Sigue siendo un mal día.
Hoy ha venido una enorme araña negra, con unas enormes y aterradoras patas ha penetrado profundamente en todo mi mundo, y nada ni nadie ha podido evitar que el mundo se tornase grisáceo como una carretera secundaria, que se perdiera las ganas de luchar, y toda la historia de mi vida se fuera desangrando por los imbornales de mi desencuadernado galeón. Hoy me he sentido rendido.
Y luego he vuelto dos horas a lidiar con mis monstruos. En silencio, rodeado de indios y americanos, sin saber cuáles son los buenos. En silencio, con poca luz, todo esto tenía sentido, sonaba mejor en mi cabeza. Pero he llegado aquí, siempre por caminos errados, y ahora estoy tan vacío que el viento dibuja espirales con el polvo de mis sueños rotos, y las palabras siguen escondidas en los retorcidos recovecos de mi alma, y se niegan a asomar sus ojos de caracol.
Estos días me he acordado de todo lo bueno, de todo lo grande que hubo y construí, a base de esfuerzo sin contabilizar y sin medida alguna, como mandan los cánones. Un verdadero océano que comenzó tan lejos y hace tanto, y se derramó ciego, incansable, imposible en este universo.
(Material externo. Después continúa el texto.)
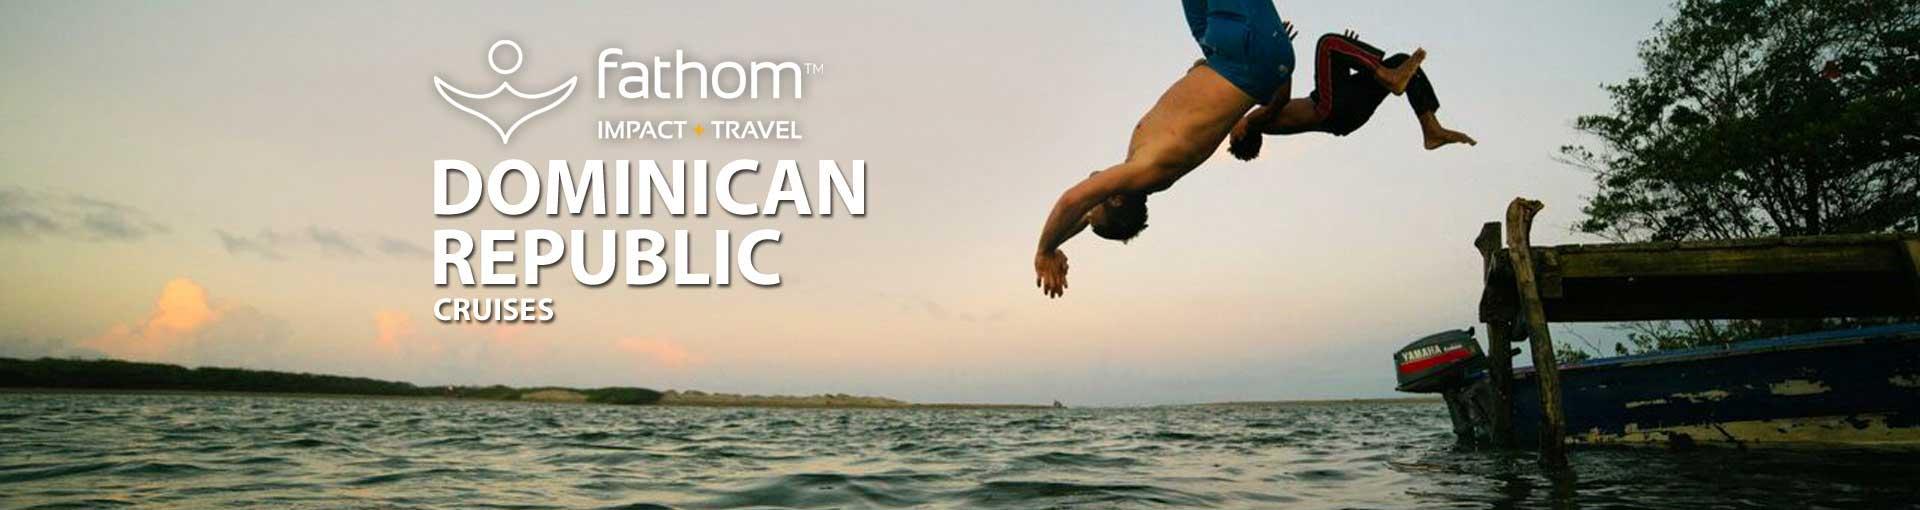 Fathom Dominican Republic Cruises

Tanta guerra y tantas balas y tantas heridas, todas de bala de plata para matar hombres lobo, que dejaban cicatrices con forma de estrella, que se iluminan por la noche, ya como un enorme y deslumbrante faro que atrae a las polillas y aleja a los navegantes, advertidos de los escollos que me pueblan.
Pero hoy, rodeado de mis monstruos, que ya no me importan tanto, he repasado los mil errores. Algunos de ellos seguían hoy acompañándome, recordándome que se agostó el venero de mi esperanza en parte por mi culpa. No, siempre y sólo por mi culpa, por dejarme vencer por miedos, egoísmo, ira. Por derribar mis murallas y ponerme a la venta con carteles de saldo, por no saber tantas y tantas cosas.
Egoísmo. Miedo. Ira. Así comienza mi lista de pecados capitales, y ahora sólo quiero huir, ahora que Madrid sigue llamándome, la poesía sigue llamándome, mi deber sigue llamándome sin cesar a un teléfono que suena y suena martilleando mi cabeza, mi conciencia y la imagen de tu risa en mi memoria.
Porque sólo quiero poesía, música. Sólo buscaba caminar por un Madrid destrozado por las bombas, con un fusil en una mano y tu mano en la otra, caminando entre los escombros hacia una noche donde descansar mi alma a tu lado. Todo sigue sonando en mi cabeza, absolutamente todo en una abigarrada cacofonía donde cada sonido tiene el color y la textura de los costurones, de la bregadura, de las señales de ti que aún conservo en mi piel, que han durado más que nosotros.
Y sigo sin encontrar explicación a todo lo que me rodea. Si yo – que nunca afloje. De noche angustiao. Me encierro a llorar. Decí, por Dios, que me has dao. Que estoy tan cambiao. No sé más quien soy. Y ahora me siento como un San Sebastián asaetado, como una canción que, hecha pedazos, aún es un tango triste y melancólico que te mantiene en la pista de baile. Me siento como quien se ha equivocado tanto que podría escribir una biblia apócrifa de pecados veniales y mortales, de qué no se debe hacer en cada momento en que la vida te pregunta, y yo me giro y sigo soñando con alguien a mi lado que no duela, con alguien que me despierte con besos en la espalda, con quien no pida más que aquello que puede dar el que no tiene nada, el que se vació en vano intento de encontrar el fondo de tu corazón.
Efectivamente, esto sonaba mejor en mi cabeza.